Ирина промолчала. Кукольное личико её сразу стало серьёзным.
Володарь уложил убитую косулю поперёк седла княгининой лошади и привязал её крепкими ремнями, после чего, взяв под уздцы обоих скакунов, тронулся вдоль тропы. Княгиня шла рядом, срывая растущие вдоль дороги цветы и складывая из них венок.

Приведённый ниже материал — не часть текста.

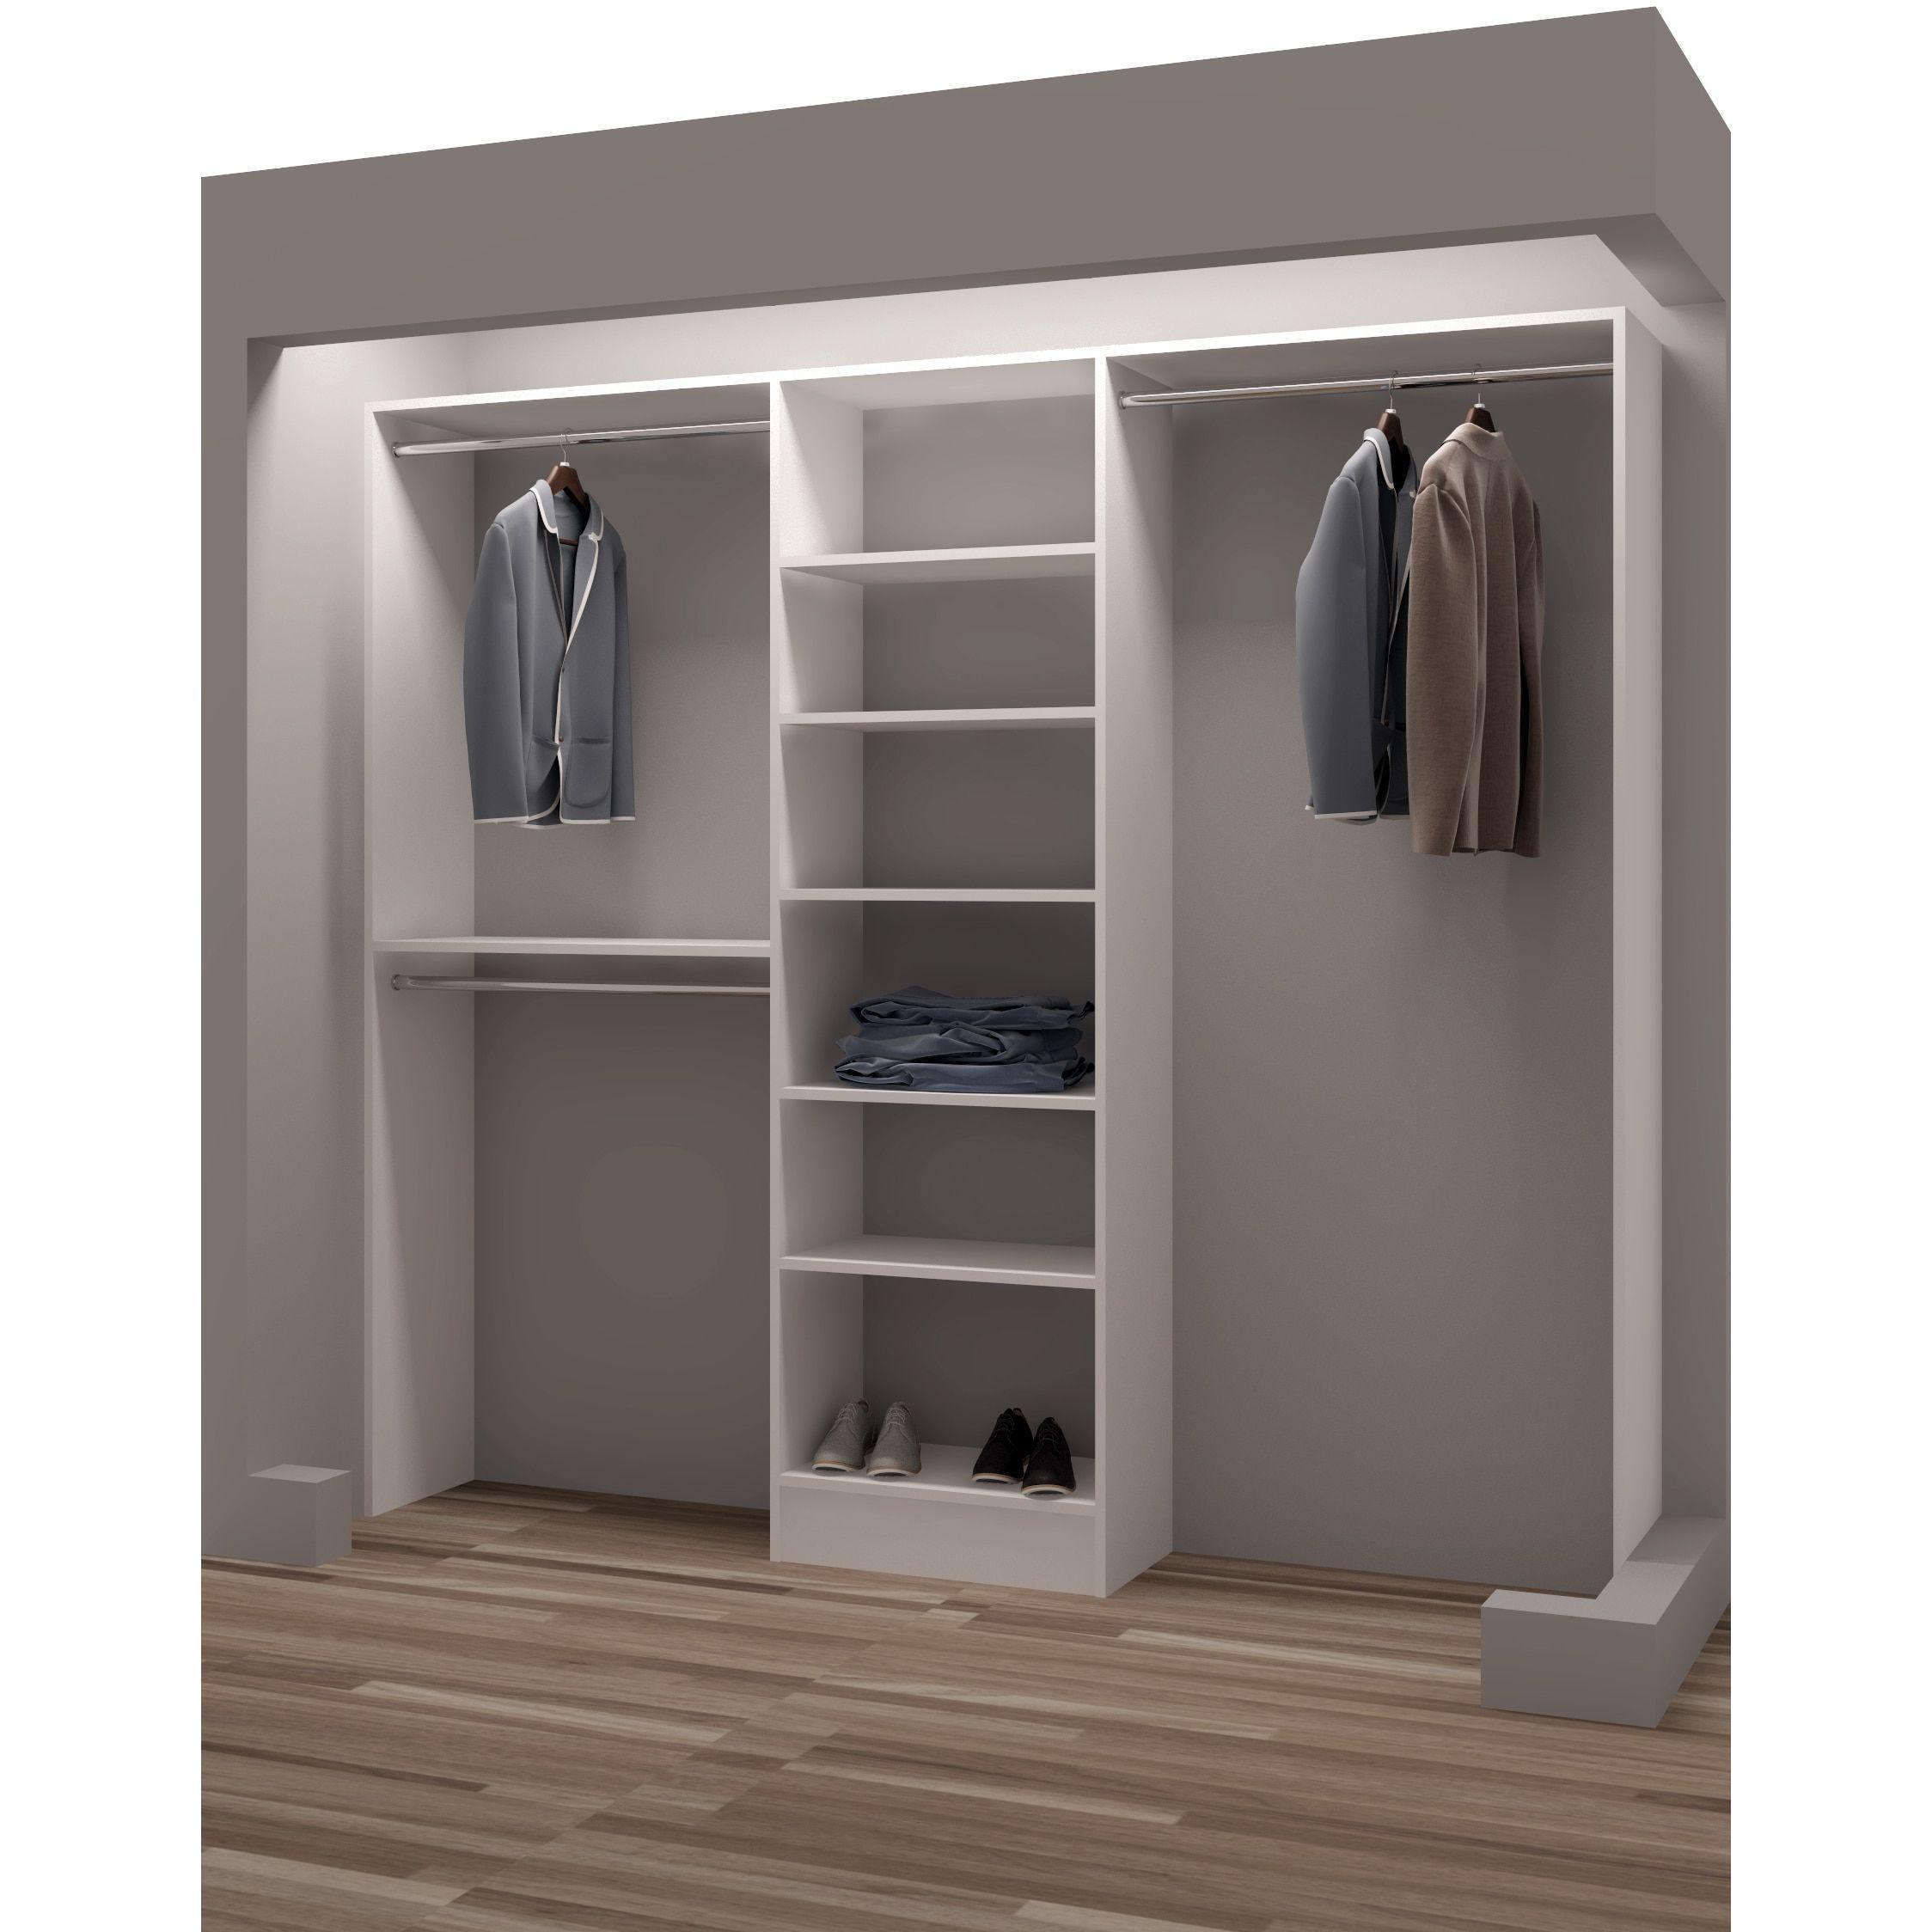 Tidysquares White Wood 93 Reach In Closet Organizer Closet
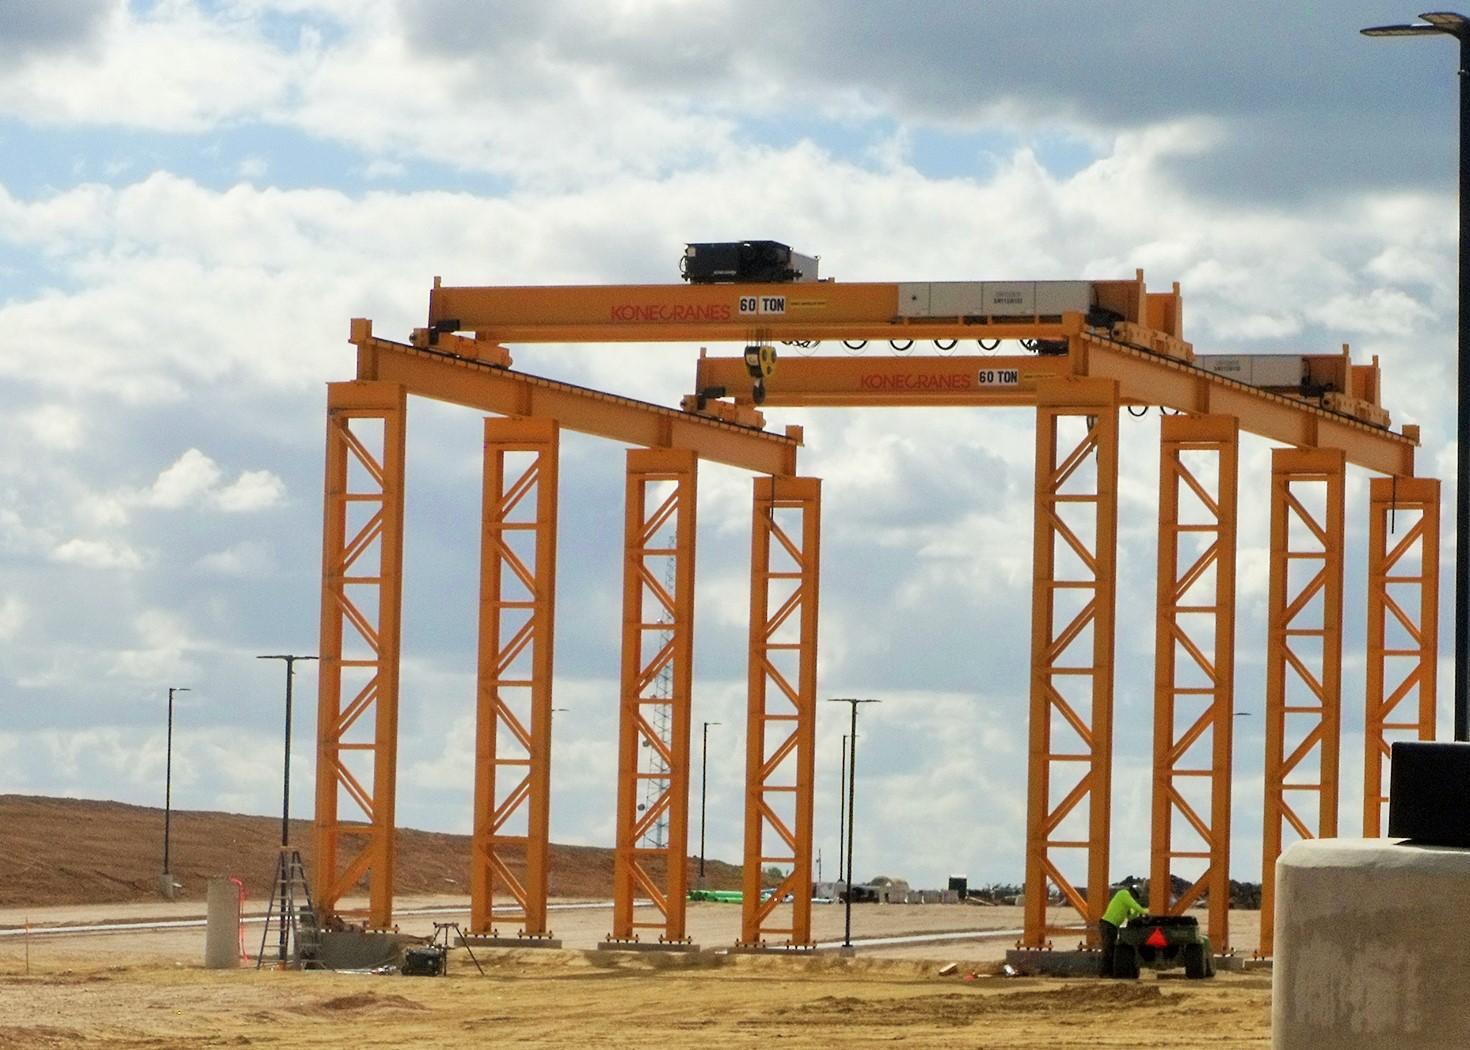 Laredo International Bridge Cameras - The Camera

Долго они шли молча. Наконец Ирина заговорила вновь:
– Мы правильно идём. Скоро достигнем стана. А тебе надо жениться и попросить дядю Всеволода, чтобы дал тебе удел – город, достойный князя. Жена станет рожать детей. Наследники будут у тебя.
Володарь в ответ лишь грустно усмехнулся и коротко промолвил:
– Там будет видно. Поглядим.
Щебетали птицы на деревьях. Ласково грело летнее солнышко. Шелестели зеленью дубы и грабы. Шли по лесу, любуясь его величавой красой и друг другом, двое молодых людей. Знали прекрасно, что между ними – пропасть, что у каждого из них – своя жизнь, но едва сдерживались, чтобы снова не соединить уста в жарком поцелуе. Отвлекались, болтали оба невесть что, но стучали трепетно сердца. Володарь сам не понимал, что с ним творится. Он слышал тонкий Иринин голосок, смех её, и по всему телу его растекалась нежность. Думалось с отчаянием: «Ну вот почему, почему она не моя?! Почему этому дурню Ярополку досталась? Чем он меня лучше?!»